The definition of spiral says nothing about the relationship of angular to radial velocity, and does not require that angular velocity of a point moving along the curve remain nonzero for a full rotation.
But; it does say "constantly". The recession of a conic section is not constant.

While I am understanding that you may be using "spiral" in the common usage, we are talking about a geometric concept. In that context, it is not a spiral, otherwise, I wouldn't have such a stringent view of it. After all, this is a scientific board.

stitt29
2009-Jun-01, 12:28 PM
another couple of points I want to raise.

Does it matter the angle you point your projectile at i.e. Say I fire a ball at 10degrees above the horizon at escape velocity and another at the same speed, angle 45degrees. will both balls settle into an elliptical orbit of the same length/time period.

Also if something is fired at above ev the ball should escape but it will still be orbiting the Sun so what is it's orbit like. I thought it would still have to orbit the Earth as it will still be pulled by it gravitationally (to some degree).Which means it hasn't escaped really. What I'm thinking is nothing can totally escape another bodies gravity even if it gets out of the solar system. Anyway please put me straight on these points.

chornedsnorkack
2009-Jun-01, 01:32 PM
There is a non-zero angular velocity for most escape velocities.

But not all.

An object may escape at zero angular velocity. In which case, an item thrown directly upwards at exactly the escape speed will rise vertically at an ever slower speed, and slow down to arbitrarily slow speed, but never stop altogether and fall back down.

Escape velocity is completely independent on direction. The same object thrown directly horizontally will follow a parabola and perform just less than 180 degrees orbit around the Earth. Again, it slows down to an arbitrarily slow speed, but never stops, and never completes 180 degrees.

PraedSt
2009-Jun-01, 03:51 PM
Does it matter the angle you point your projectileIn general, yes.

Say I fire a ball at 10degrees above the horizon at escape velocity and another at the same speed, angle 45degrees. will both balls settle into an elliptical orbit of the same length/time period.It might be better if you try and not think that escape velocity is something you want to hit; it's something you want to exceed.

Anyway, if you do hit it exactly, as NEOWatcher said above, your orbit will be a parabola, not an ellipse. Look these up! :)

So, if you fire two balls at two different angles, you will get two different parabolic 'orbits'.

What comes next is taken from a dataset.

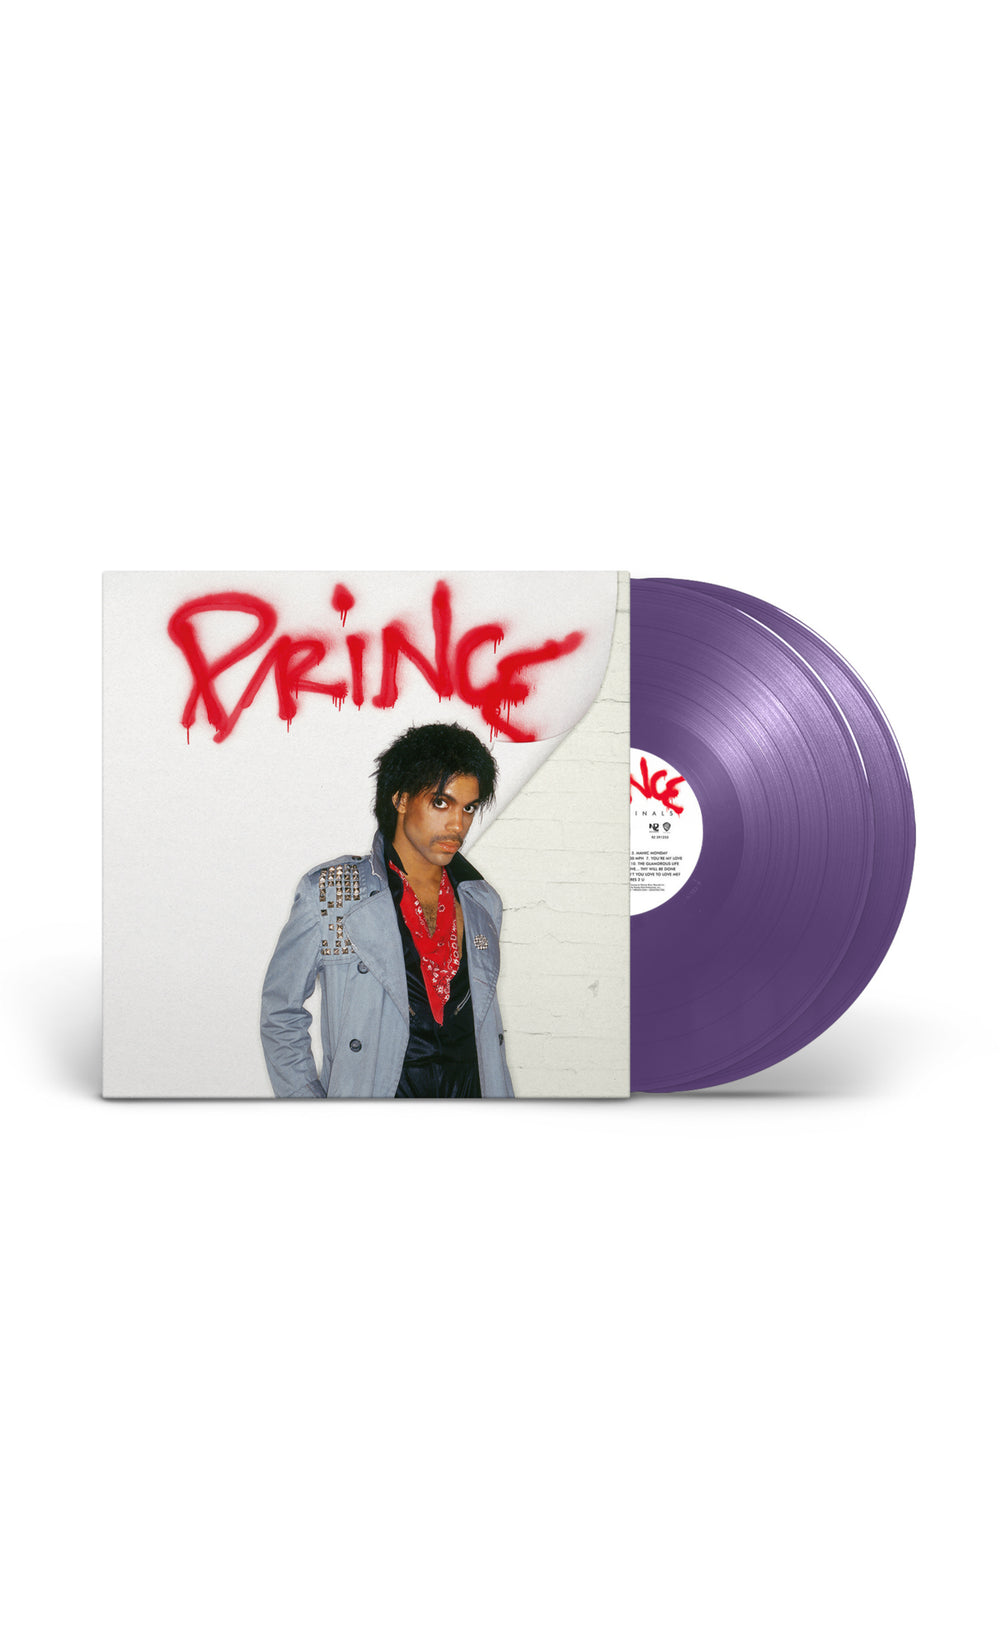 Prince Originals DELUXE CD+2LP (Limited Edition one-off run)  Released July 19th 2019

Also if something is fired at above ev the ball should escape but it will still be orbiting the Sun so what is it's orbit like.If the speed is above Earth's escape velocity, but below the Sun's escape velocity, it'll orbit the Sun. It'll be like any other orbit; an ellipse. The 'shape' of the orbit won't be almost circular, like those of our planets, but more 'stretched', similar to those of the comets.

I thought it would still have to orbit the Earth as it will still be pulled by it gravitationally (to some degree).Which means it hasn't escaped really. What I'm thinking is nothing can totally escape another bodies gravity even if it gets out of the solar system. Anyway please put me straight on these points.You're right in a way. You can't totally escape another body's gravity. But what's more important is which body is the dominant 'source' of gravity. At a certain distance form Earth, its gravity becomes so small relative to the gravity of the Sun, that you can discount it. For all intents and purposes, the Sun will be the only body that counts. Similarly, if you escape the Solar System, the influence of the Sun relative to the influence of the Galaxy as a whole will diminish. You'll then be orbiting the Galactic centre, and you can forget about the feeble Sun.

cjameshuff
2009-Jun-01, 08:35 PM
Did you even open the definition I provided?

Yes I did. I read all of them. They all left room for interpretation.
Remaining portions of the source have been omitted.